On the other hand, if certain employees do not have electronic access as an integral part of their job, they may provide the employer with an email address to provide notices, and the employee must affirmatively give consent to electronic notices before the documents are provided. The email must explain what documents will be provided electronically, that their consent can be withdrawn at any time, procedures for withdrawing consent and changing the email address, the right to request a paper copy of the document and if there is an applicable fee, and what hardware or software will be needed.
Further, the second group of employees (those without electronic access as an integral part of their jobs) have to give their consent for the employer to distribute the plan notices to them electronically. If certain employees do not give their consent, then the employer should distribute a hard copy to them through the mail or in person (as long as precautions are taken to ensure that the employer can prove that the employee received it).
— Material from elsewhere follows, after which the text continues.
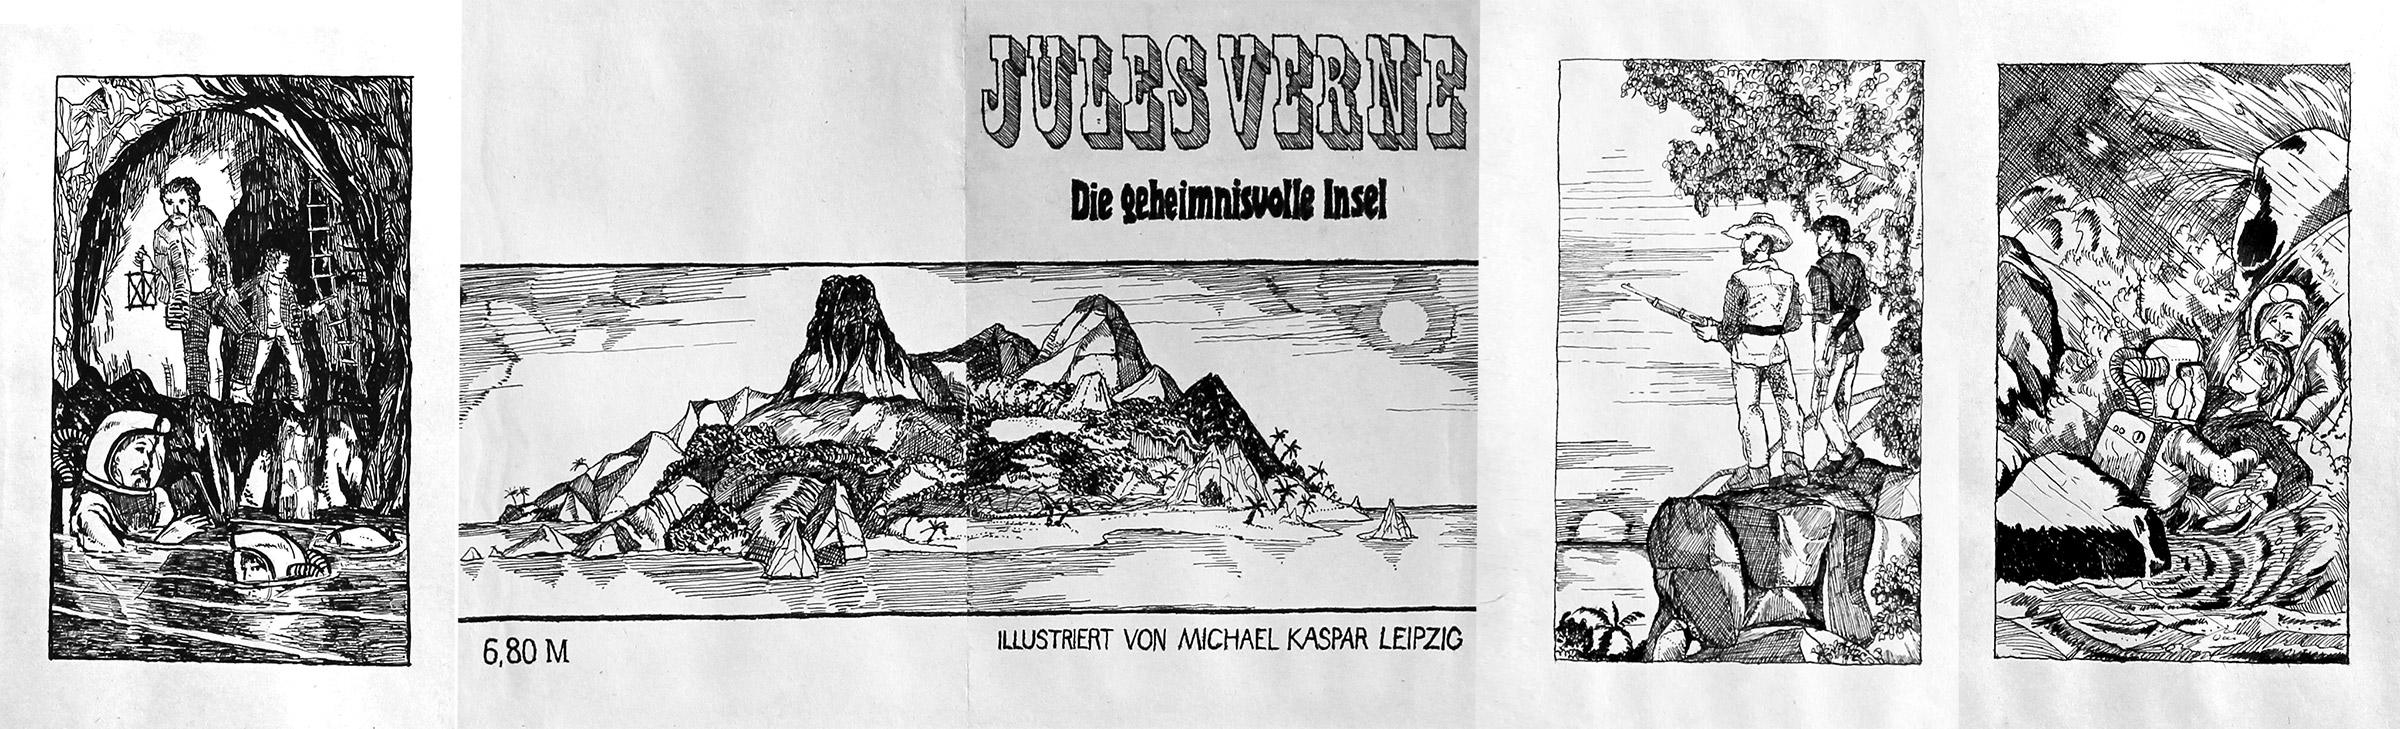 Illustrationen von 1980 von Michael Kaspar (14. Jahre)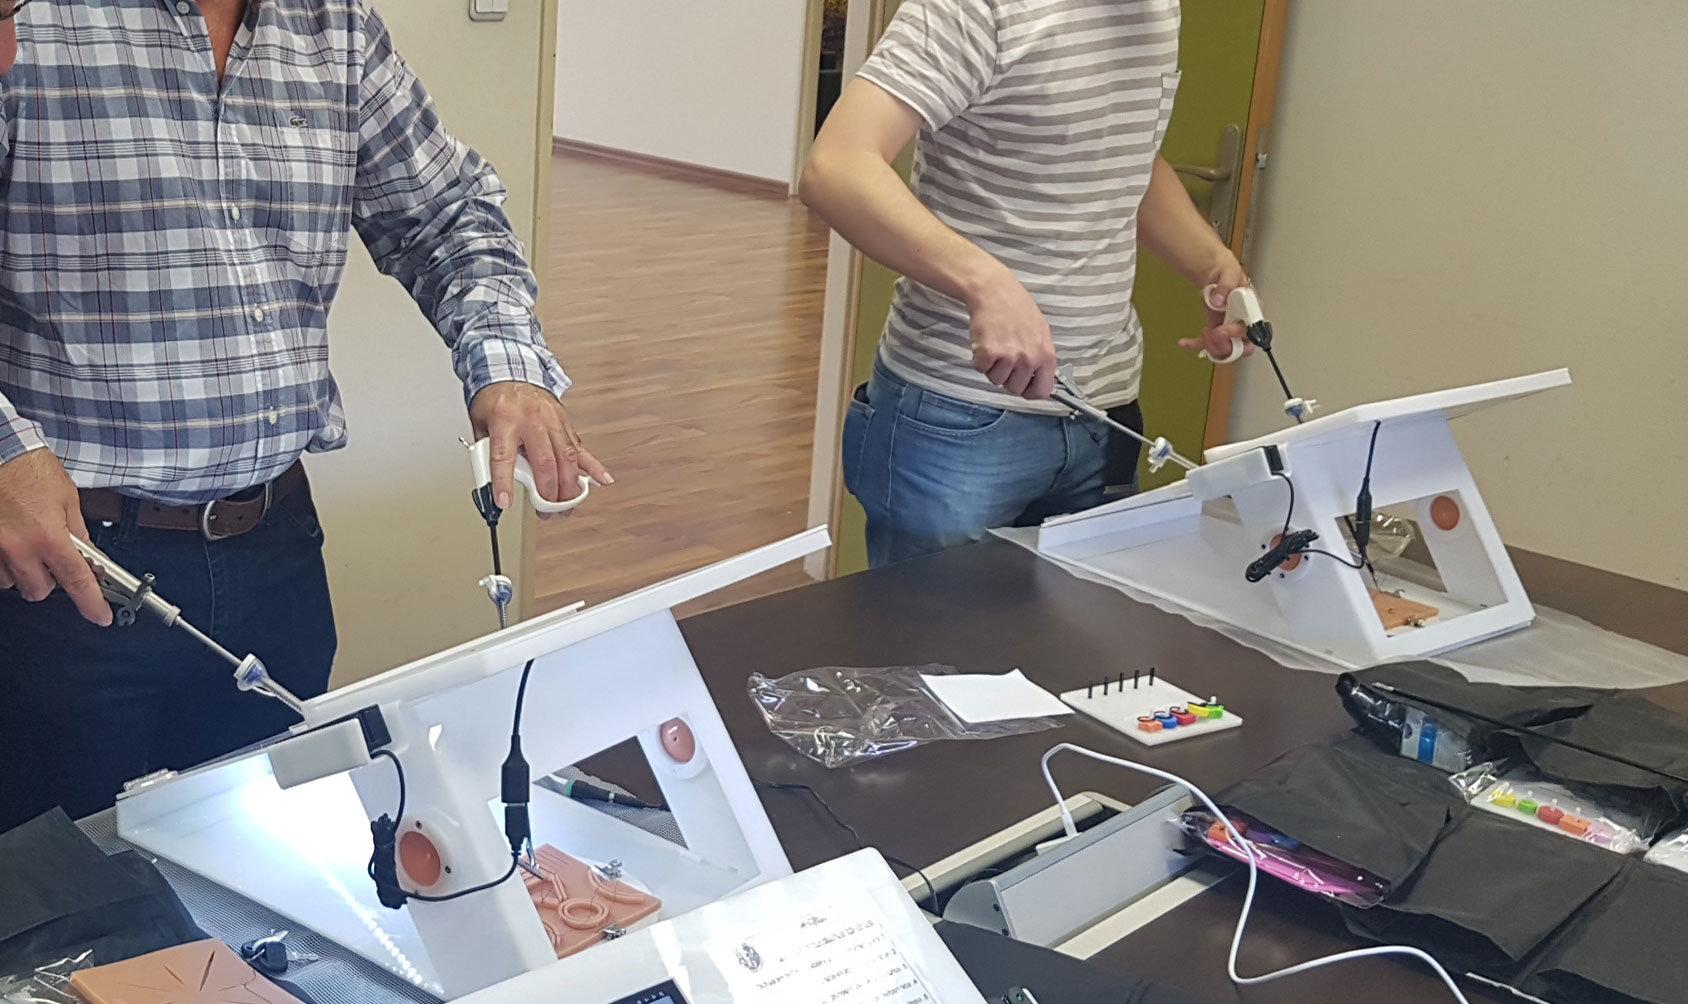 training with laparoscopic simulator

Therefore, employers who want to post documents on their benefits administration portal or intranet must meet the requirements of the DOL’s electronic disclosure safe harbor.
Keep in mind, though, that the employer should also consider the nature and distribution requirements of the documents that they are seeking to electronically distribute. For example, the COBRA initial/general notice is unique, in that it must be distributed to enrolled employees and their spouse. So it may be difficult to ensure actual receipt by the employee’s spouse by placing the notice on a benefit administration portal or on the intranet. Instead, best practice would be to mail the notice to the address on file with the envelope and notice addressed to both the employee and spouse.